Interestingly, the significant reduction in OA joint fluid triggered calcium signaling in the presence of a PAR1 antagonist along with the elevation of PAR1 cleaving enzyme activity in OA synovial fluids suggests that inhibition of PAR1 could be a promising therapeutic strategy to explore in OA. On the other hand, inhibition of PAR4 led to an increase in calcium signaling indicating that PAR4 mediated signaling may be producing factors or signaling events that inhibit responses from PAR1 and PAR2. Given the significant decrease in PAR4 activating enzyme levels in OA patients, this suggests the intriguing hypothesis that PAR4 signaling is a protective response in the knee joint that is lost in OA. While a significant difference between healthy and OA synovial fluid PAR2 activating enzymes was not noted in our study, PAR2 activating enzymes are nevertheless present in the knee joint synovial fluid. PAR2 is known to be an important regulator of immune cell infiltration and may contribute to OA pathogenesis. Further analysis of samples from different types and severity of OA are required to fully correlate PAR activating protease levels with disease pathogenesis.

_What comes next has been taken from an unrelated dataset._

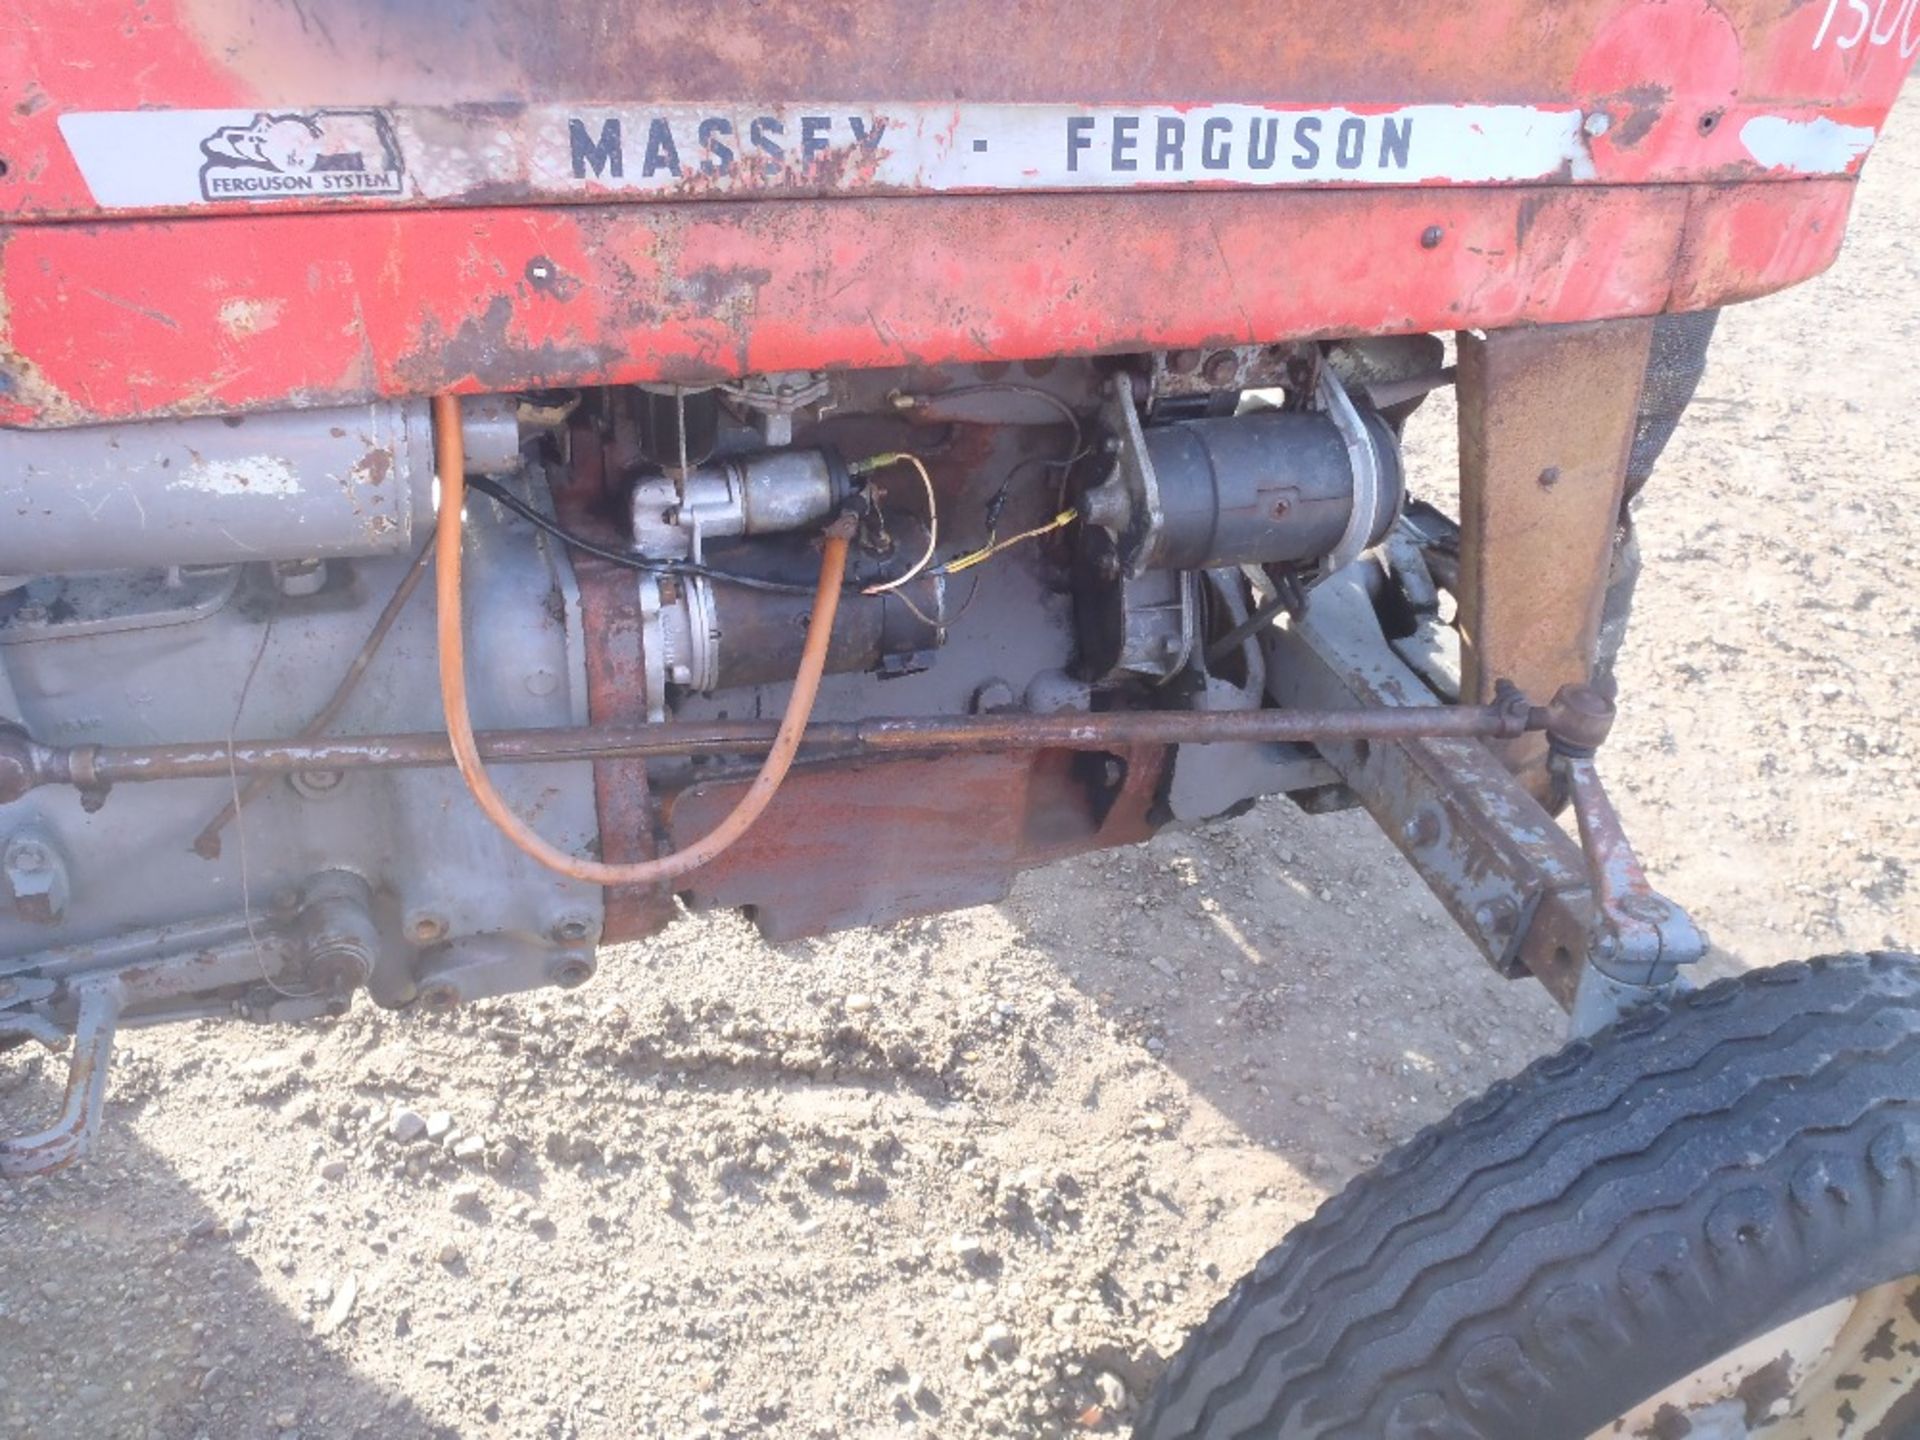 Massey Ferguson 135 Tractor with Long PTO Ser. No. 490675 - Image 5 of 8

In summary, we have established and characterized here a novel biosensor expressing cell line and an assay that allows rapid and facile screening of PAR cleaving enzymes in complex biological fluids. In a small population of OA patients, we were able to detect multiple enzymes that target PARs and find elevated levels of PAR1 cleaving enzymes in OA. We further verified that PAR cleavage led to increases in receptor mediated calcium signaling that could be inhibited using PAR1 and PAR2 specific antagonists. This study broadly defines proteinase classes that are present in the arthritic joint and guide future studies aimed at isolating and further characterizing endogenous regulators of PAR receptors in the healthy and diseased joints.